When the spermatophore is deposited, the male drags the female over it. When the genital operculum of female touches the le­ver of spermatophore, the ejecting apparatus shoots the sperm within the female genital tract.

The pectines of male play important role in finding the suitable surface. It has been shown experimentally that a male scor­pion with excised pectines performs routine nuptial dance with the female but it never deposits the spermatophores.


11. Development of Scorpion:

The scorpions may be viviparous or ovoviviparous, depending upon the content of yolk in the egg. In the viviparous forms the yolk content is poor. Such fertilized eggs grow on the follicles of the ovary. The follicle acts as ‘placenta’ and provides nutrition to the embryo. In ovovi­viparous forms the yolk content is high and in them the fertilized eggs drop within the tube of the ovary and develop there.

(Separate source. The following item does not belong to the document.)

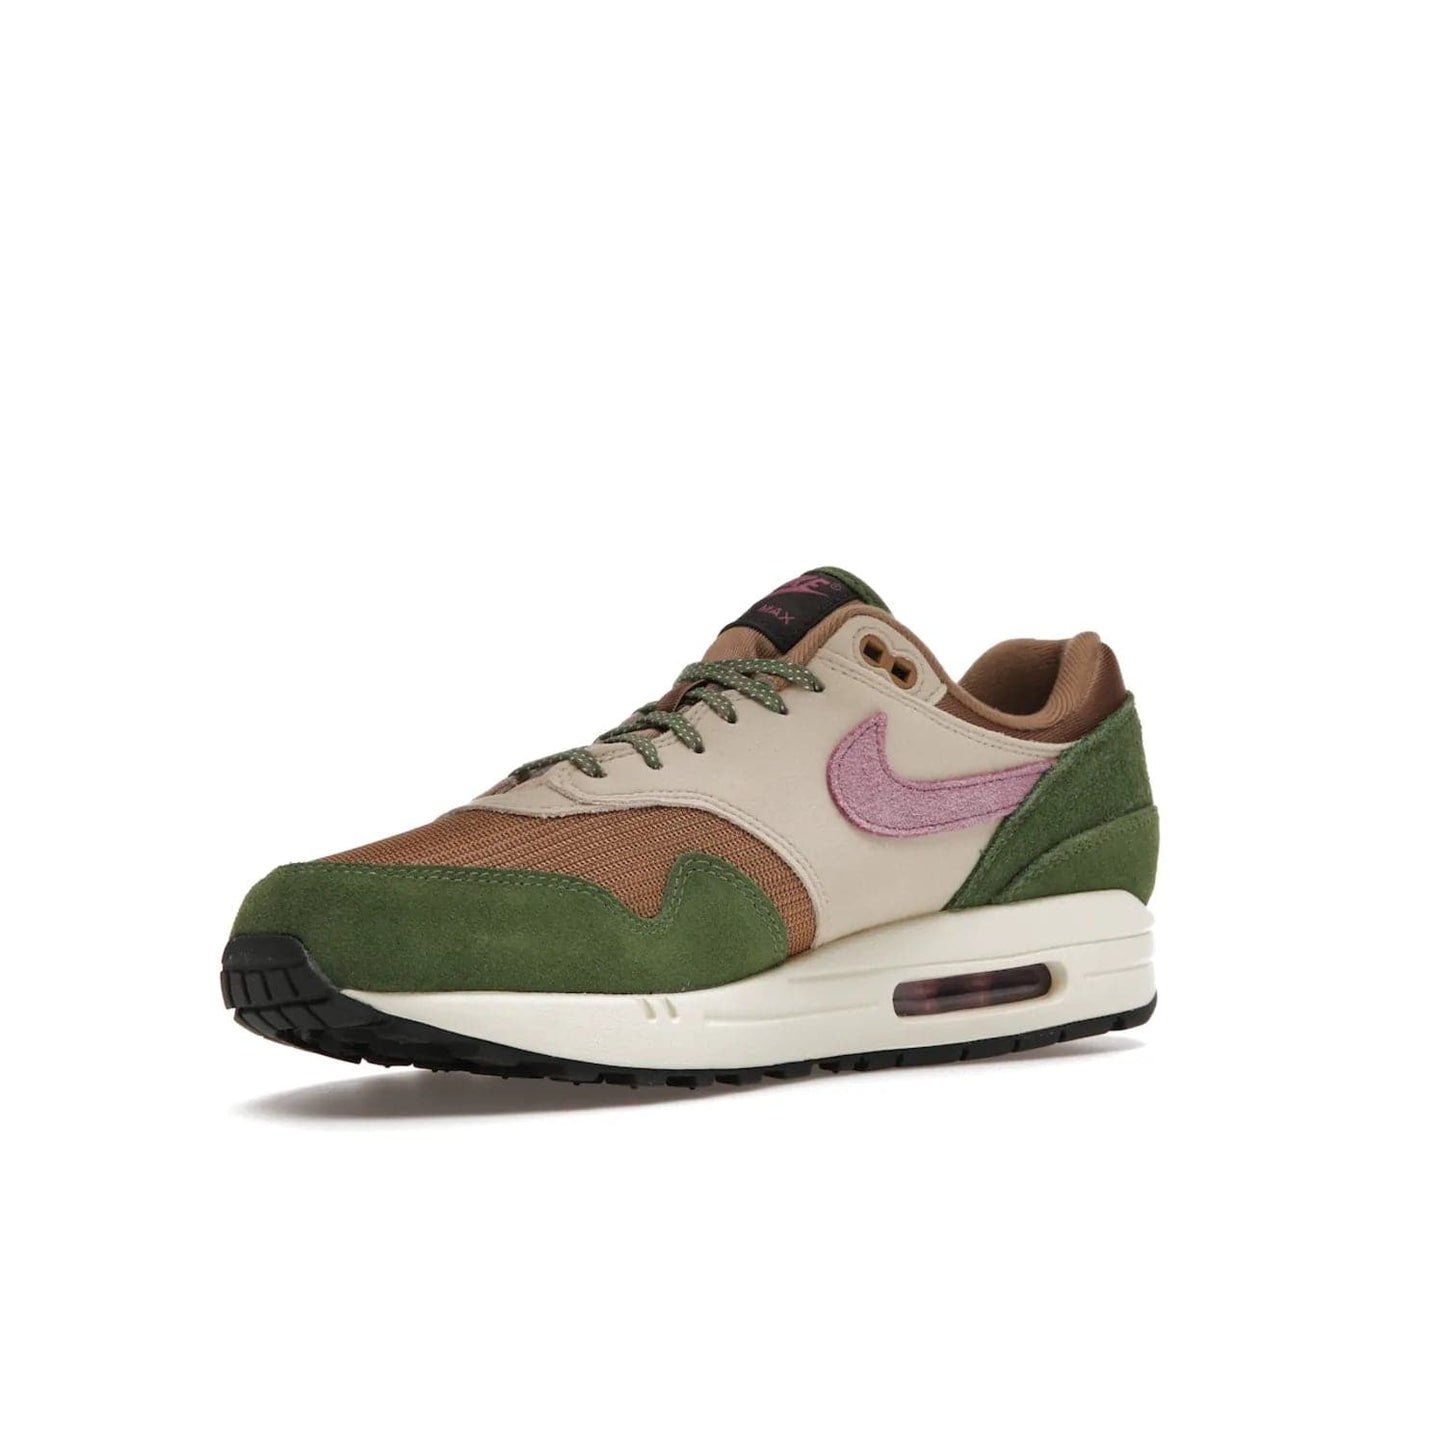 Nike Air Max 1 SH Treeline - Image 15 - Only at www.BallersClubKickz.com - A classic Nike Air Max 1 SH Treeline with a brown mesh upper, taupe Durabuck overlays, and hairy green suede details. Light Bordeaux Swoosh and woven tongue label for a pop of color. Released in May 2022. Perfect for any outfit and sure to impress.

In the embryo, seven pairs of appendages appear in the mesosoma but the appendages in the fourth to seventh segments are tucked in to form the book-lungs.

Newly born- scorpion resembles its mother and immediately after birth climbs on her back. It remains there for 40-63 days and undergoes there moults. It then starts independent life but maturity takes 1-5 years to complete and during that time the scorpion moults seven times.